Problem to work on: For this listing, reproduce the line with "Qırğızıstan XİN: Azərbaycanla", the line with "Dự án đang mở", and the lines between, exactly as they stand. Leave out pictures and all other lines.

The data:
BEGIN

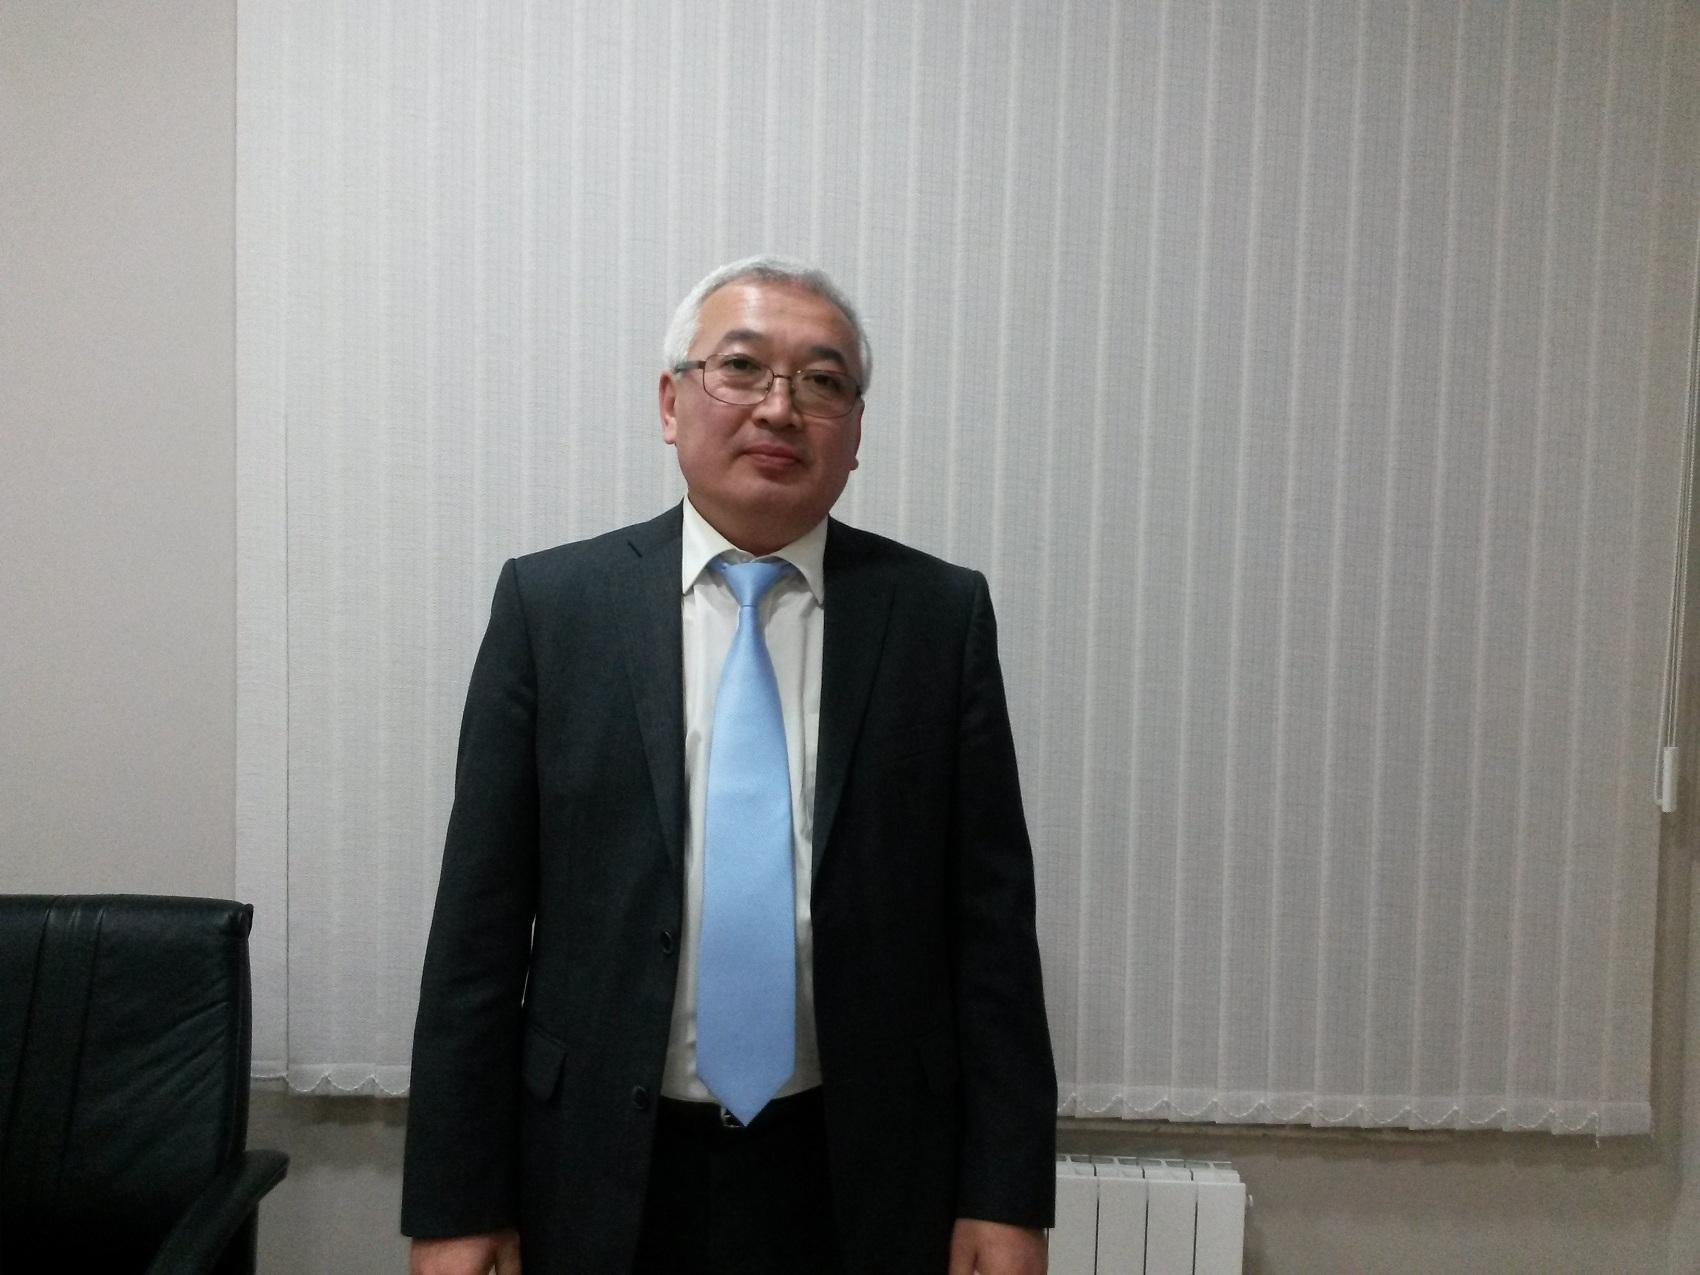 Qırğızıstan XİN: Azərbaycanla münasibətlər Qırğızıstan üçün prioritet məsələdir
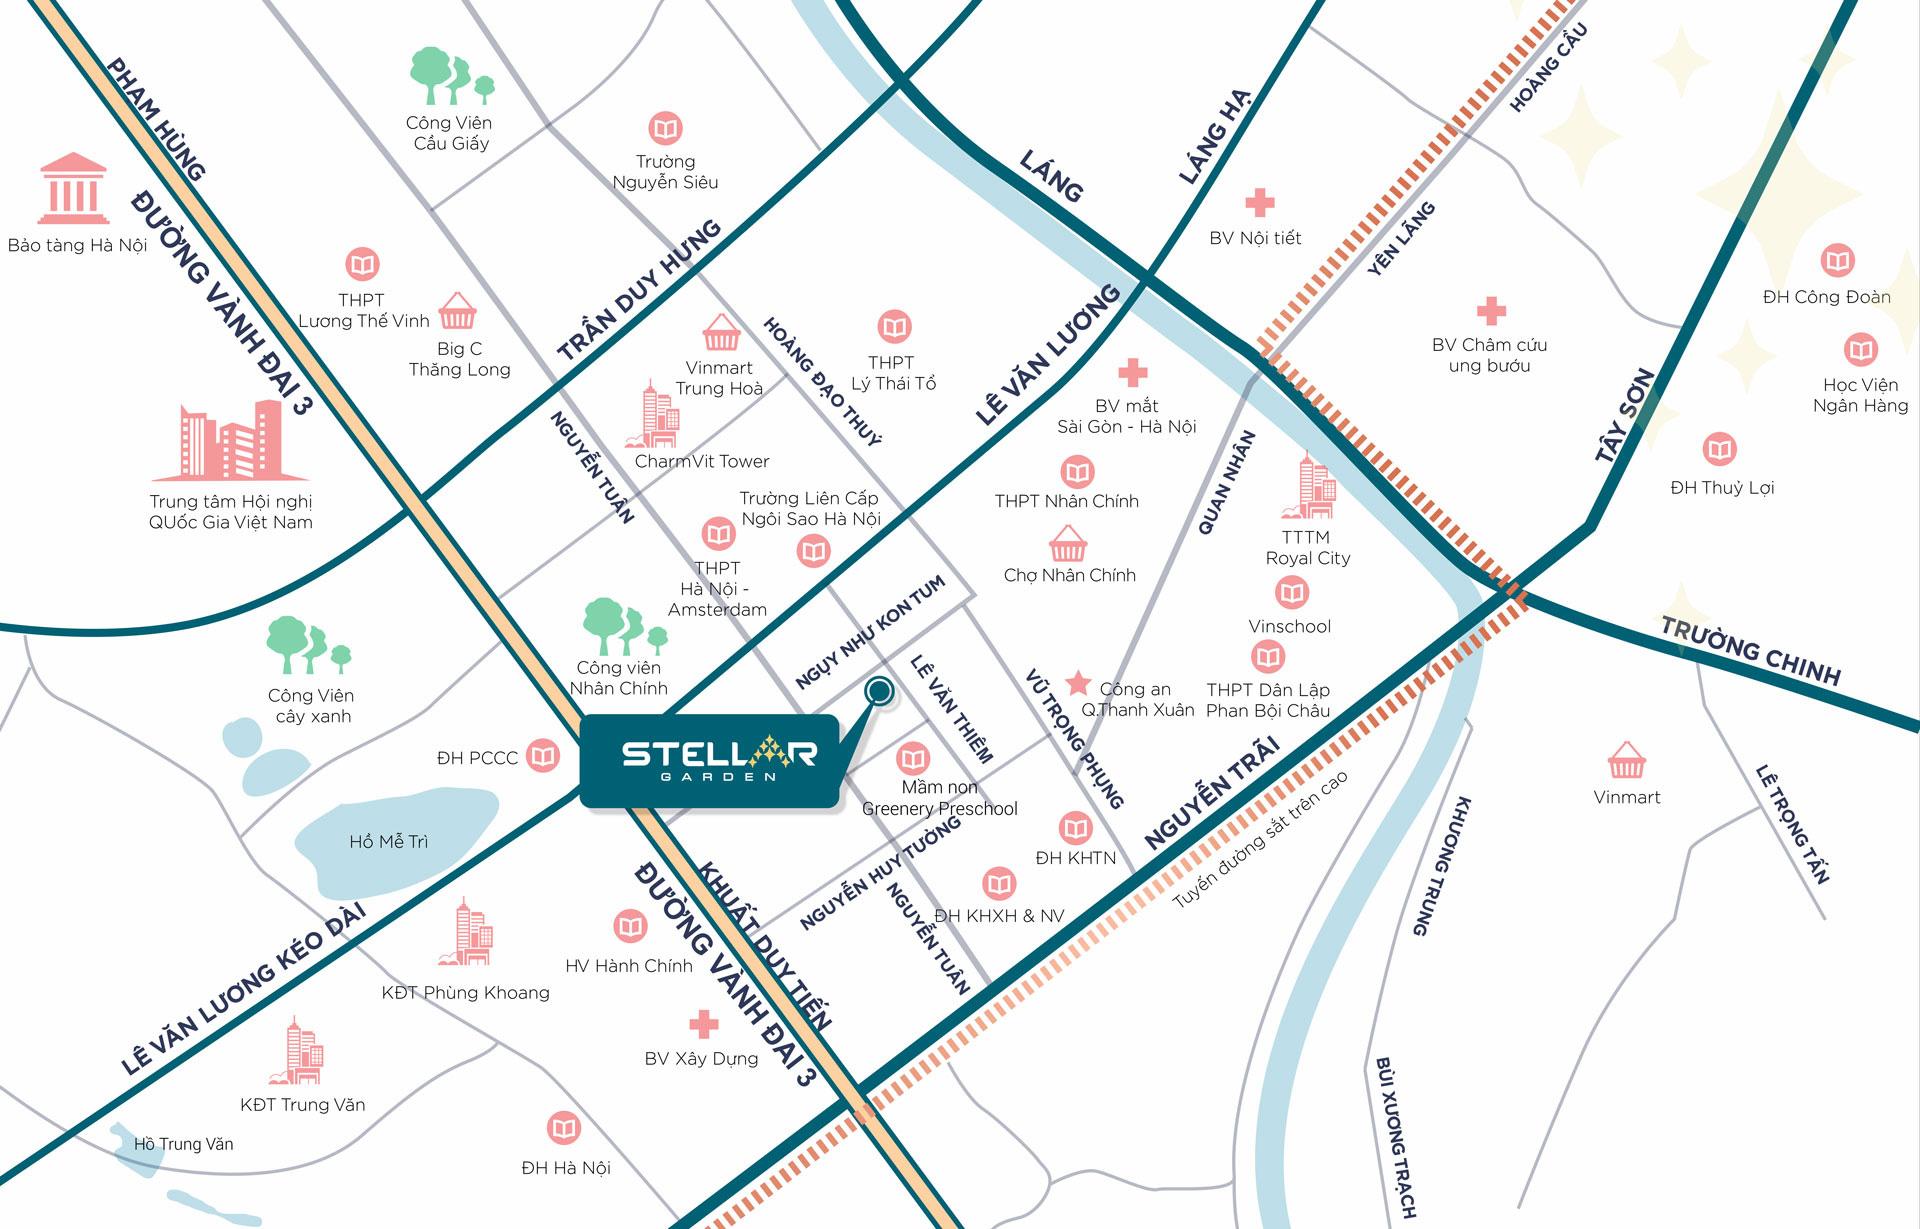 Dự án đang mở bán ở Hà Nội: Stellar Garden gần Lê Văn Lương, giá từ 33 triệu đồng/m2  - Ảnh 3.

END
BEGIN

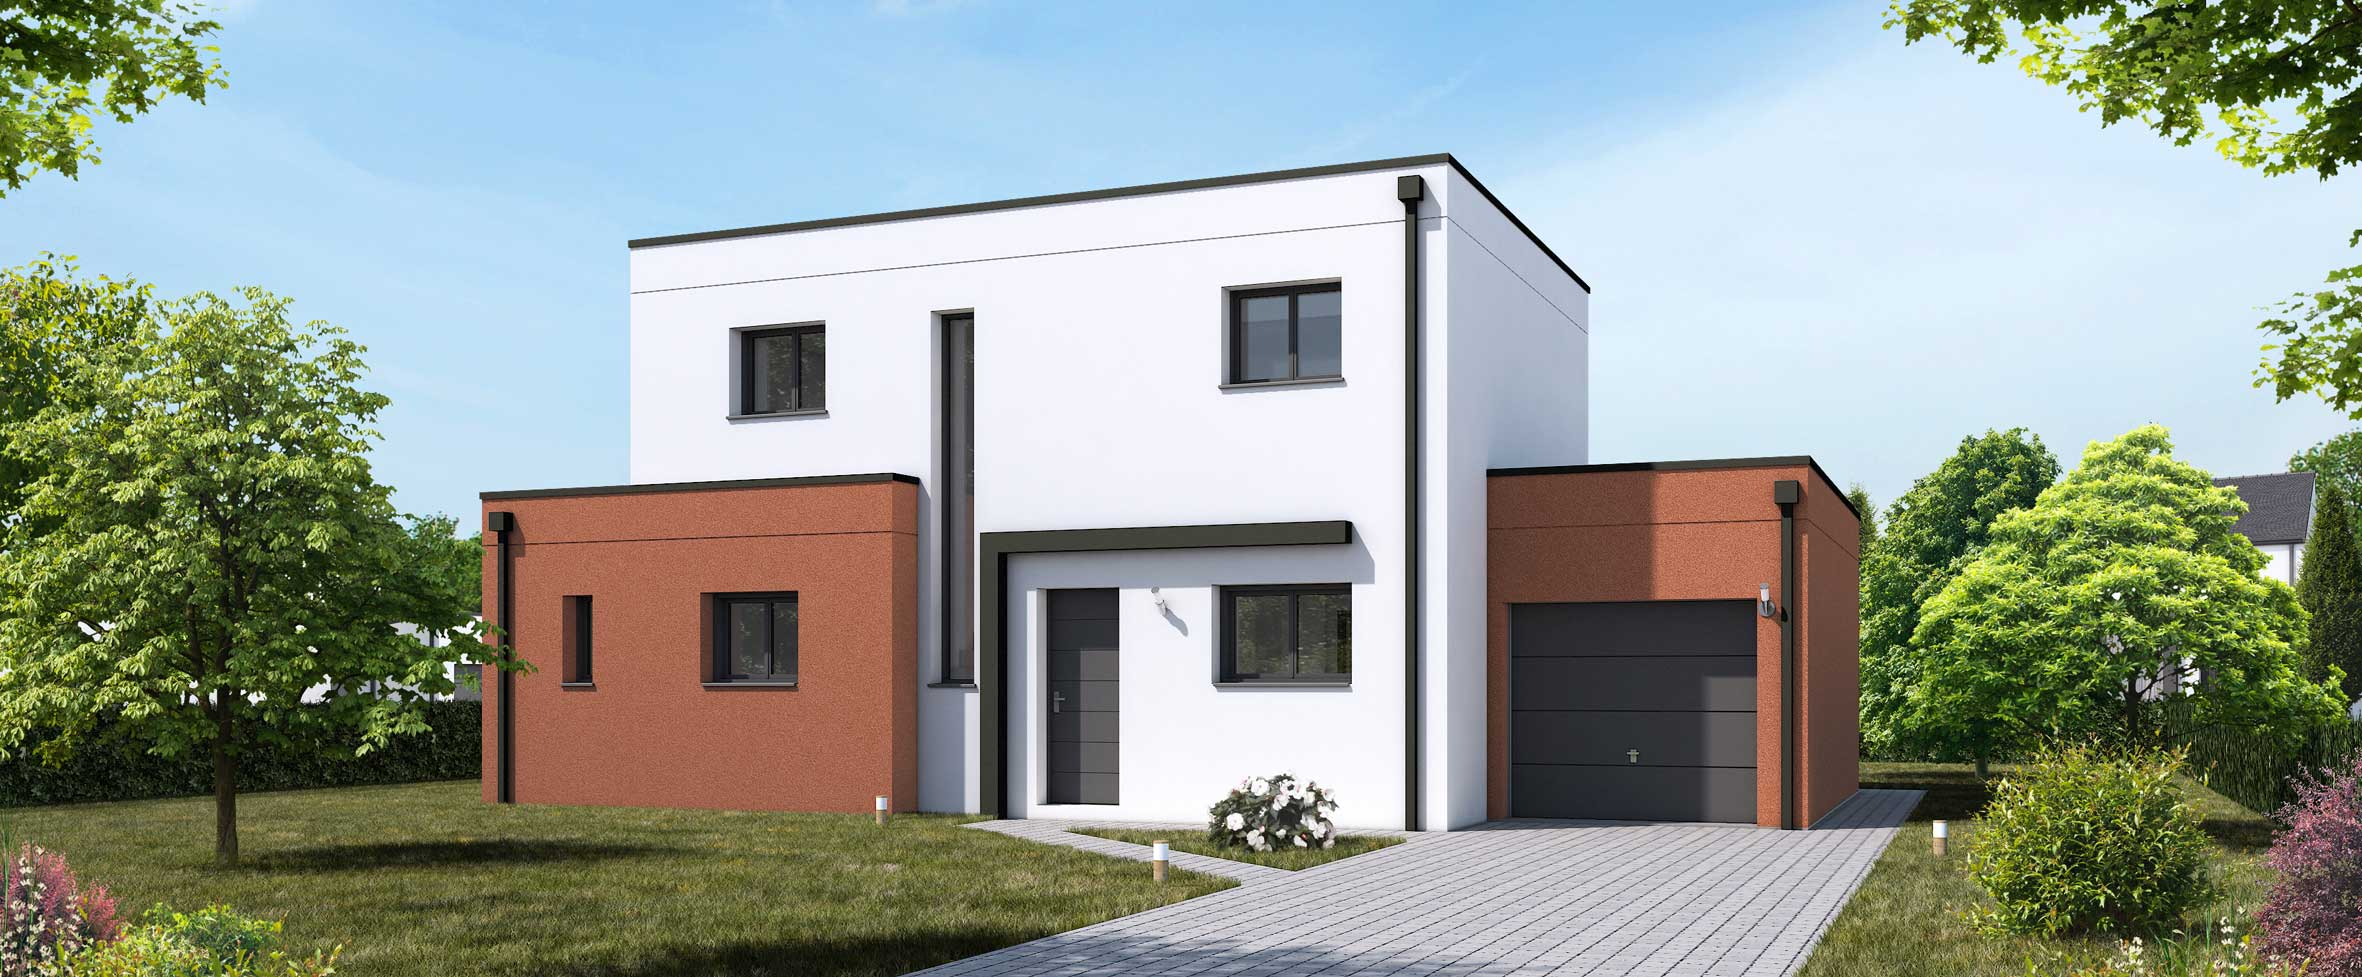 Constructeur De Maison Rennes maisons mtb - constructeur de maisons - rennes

END
BEGIN

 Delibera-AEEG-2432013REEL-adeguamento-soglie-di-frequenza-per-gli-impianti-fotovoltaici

END

Task output:
 Qırğızıstan XİN: Azərbaycanla münasibətlər Qırğızıstan üçün prioritet məsələdir
 Dự án đang mở bán ở Hà Nội: Stellar Garden gần Lê Văn Lương, giá từ 33 triệu đồng/m2  - Ảnh 3.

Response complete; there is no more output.